- **EXERCISE OBJECTIVE**: Give all the lines below again, exactly, with no pictures.

- **DATA SECTION**:
################
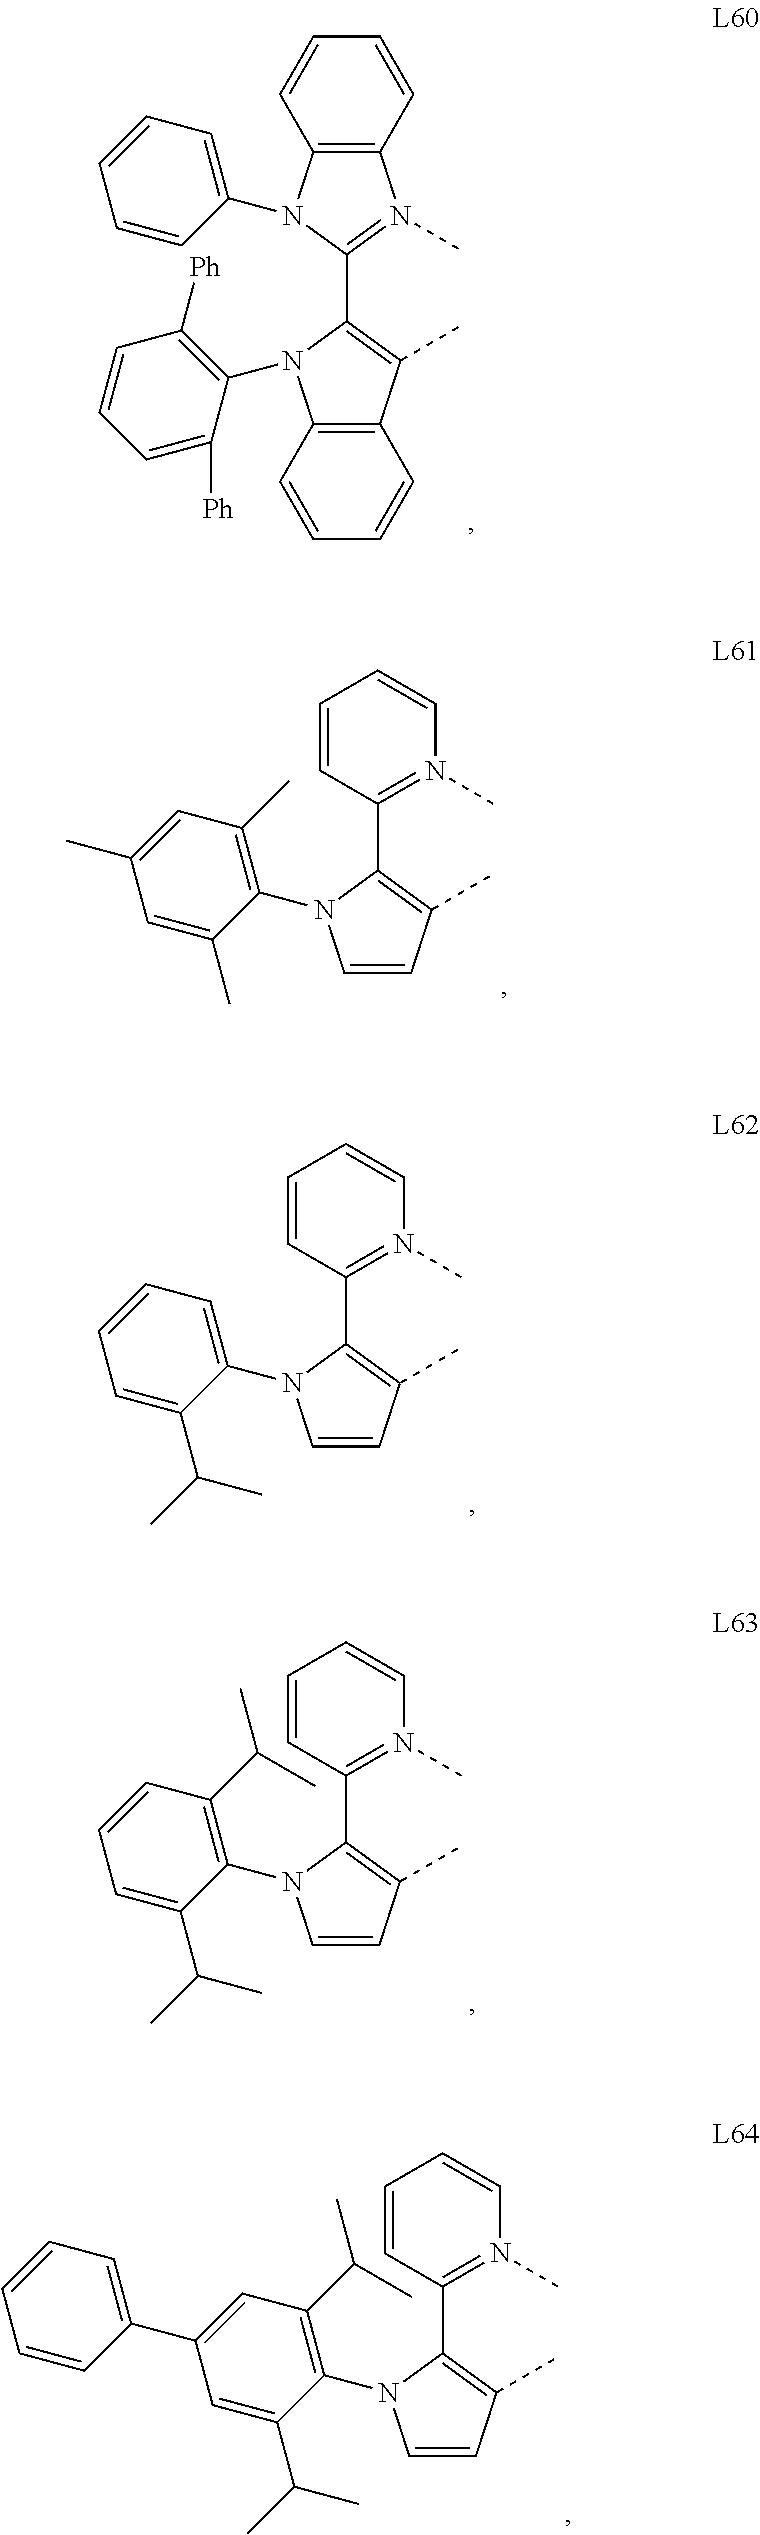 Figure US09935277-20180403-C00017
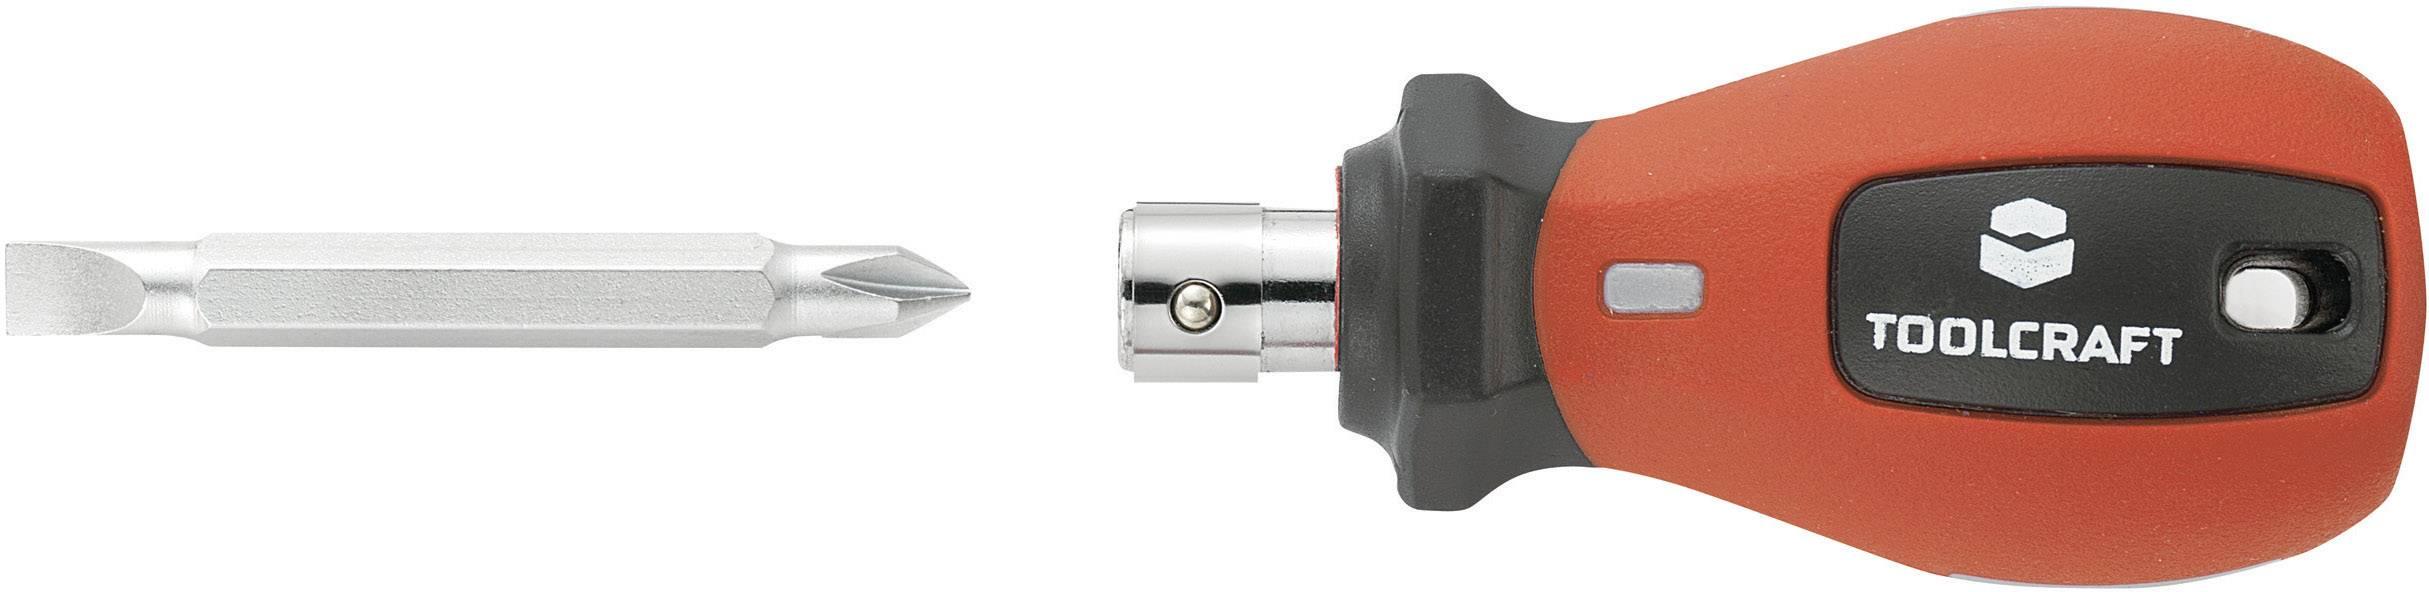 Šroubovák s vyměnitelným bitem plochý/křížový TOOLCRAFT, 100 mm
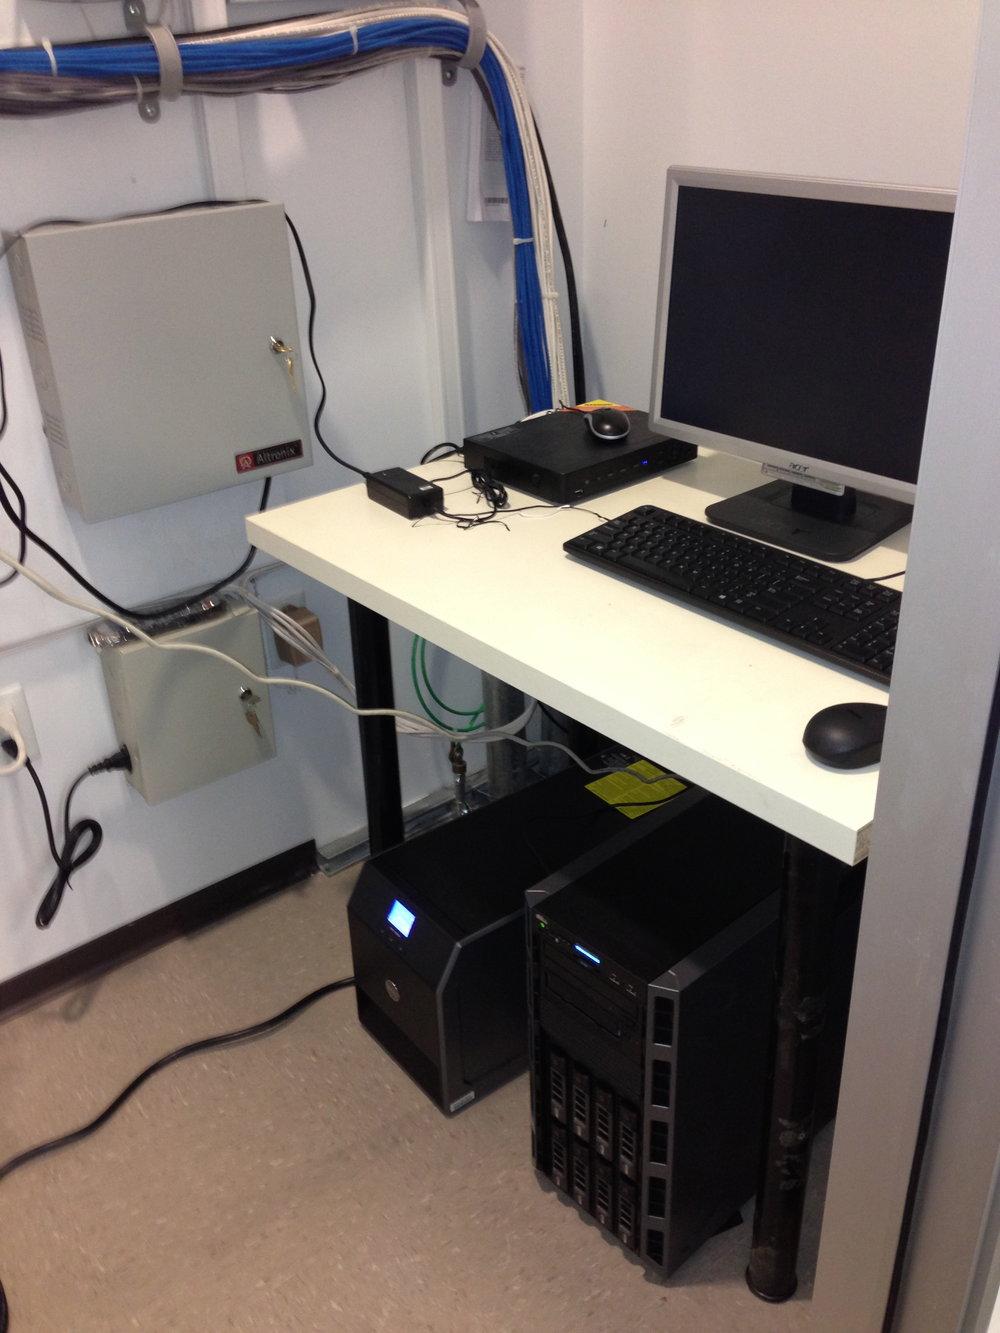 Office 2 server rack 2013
################
- **EXERCISE ANSWER**:
 Figure US09935277-20180403-C00017
 Šroubovák s vyměnitelným bitem plochý/křížový TOOLCRAFT, 100 mm
 Office 2 server rack 2013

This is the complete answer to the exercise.